In the previous fiscal year, as part of its inorganic growth strategy, the FMCG giant also incorporated Badshah Masala into its portfolio.

“The year also marked Dabur’s entry into the ground and blended spices category with the acquisition of 51 per cent shareholding of Badshah Masala Pvt Ltd. This acquisition is in line with Dabur’s strategic intent to expand its foods business to INR 500 crore in 3 years,” Burman stated.

In reference to the macroeconomic conditions, Burman remarked that with the alleviation of pandemic-related pressures, a new challenge emerged in the form of high inflation. This inflationary trend led to a significant rise in commodity prices, reaching multi-decade highs in various countries.

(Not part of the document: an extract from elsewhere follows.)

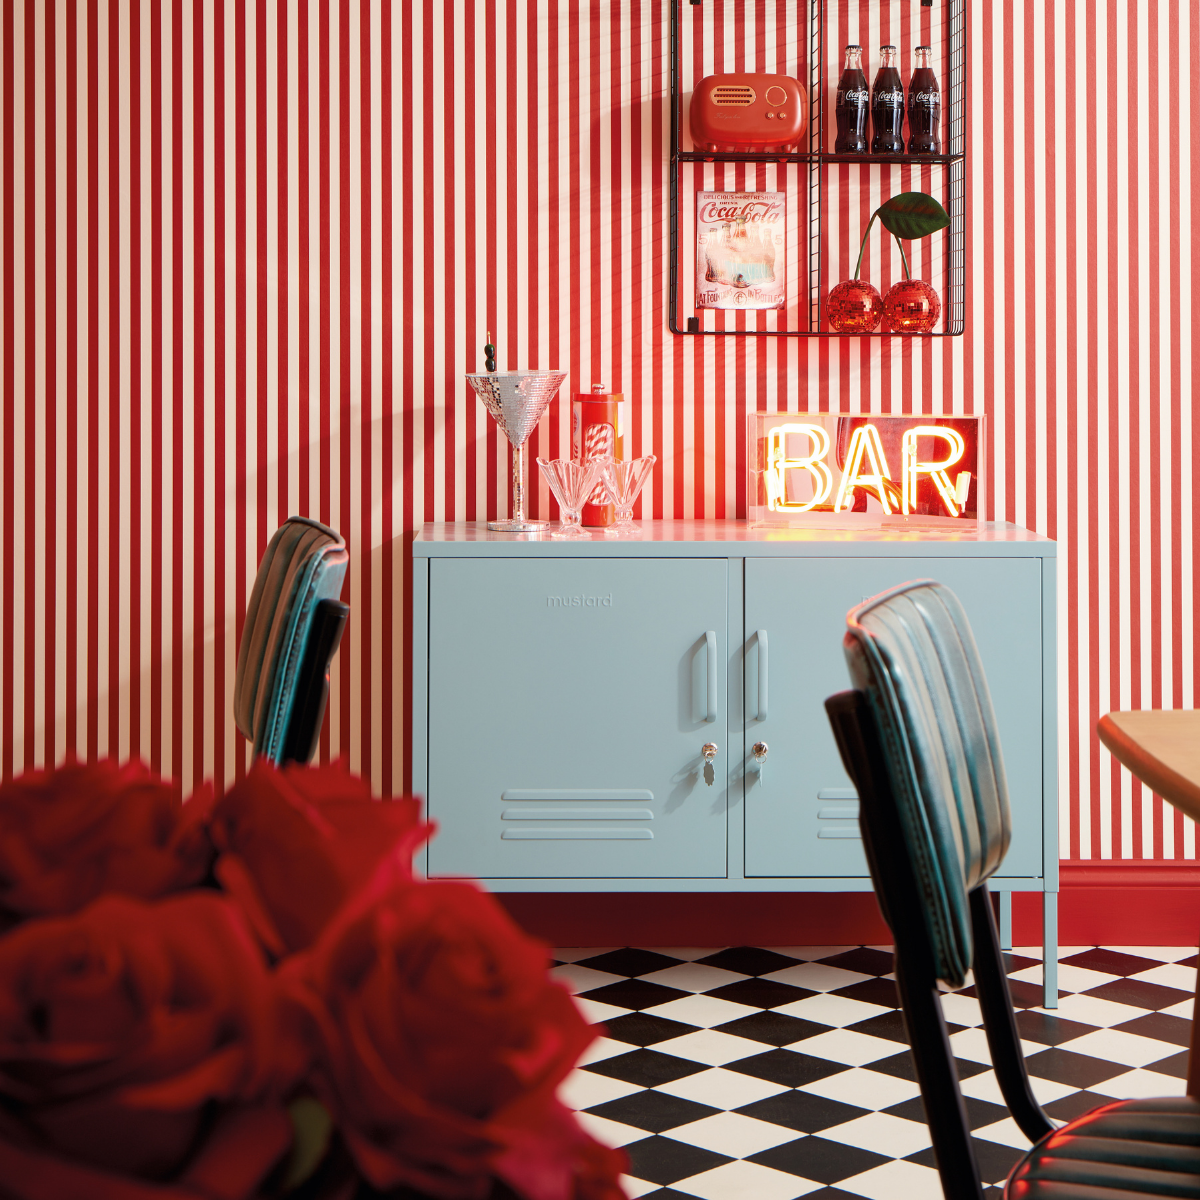 An Ocean Lowdown acts as a bar cabinet in a room with red and white candy-striped wallpaper. There is a red neon bar sign and vintage styling including coke bottles and harlequin flooring.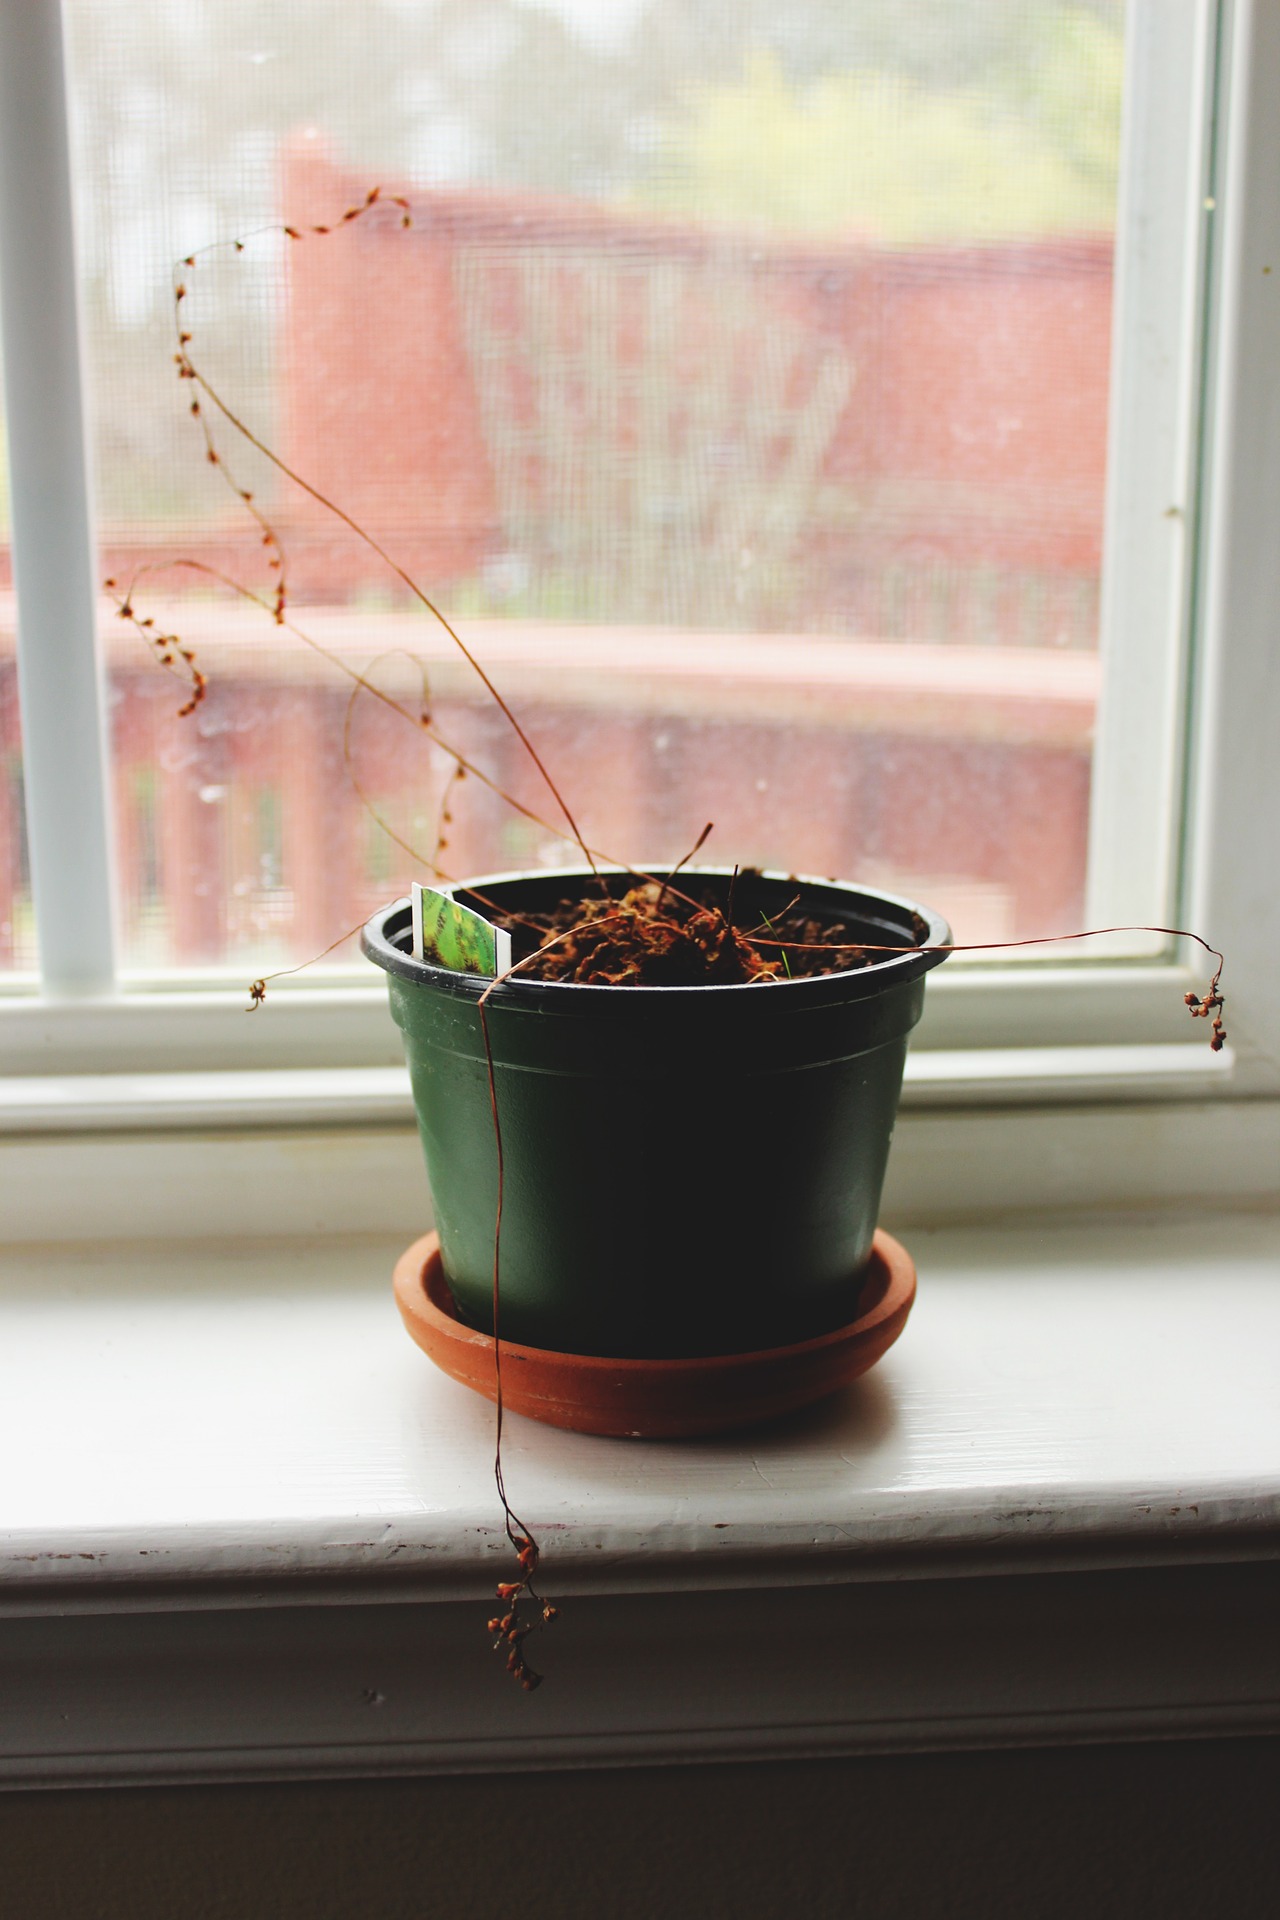 dying houseplant in window sill

“The inflationary environment also took a toll on consumption patterns as consumers tightened their purse-strings and the consumer goods industry witnessed a slowdown,” he added.

“Despite an uncertain macro climate, I am confident about the resilience of Dabur’s strategy and business construct,” he added.

Anticipating decreased prices for its key commodities, the FMCG major foresees an expansion in gross margins for the ongoing fiscal year.

“This expanded gross margin will be allocated in two primary ways. Firstly, a portion will be allocated towards advertising and promotion (A&P) investments, which have experienced some moderation due to high inflation. Secondly, the remaining portion will contribute to gradual improvement of our operating margin,” Dabur India’s annual report said.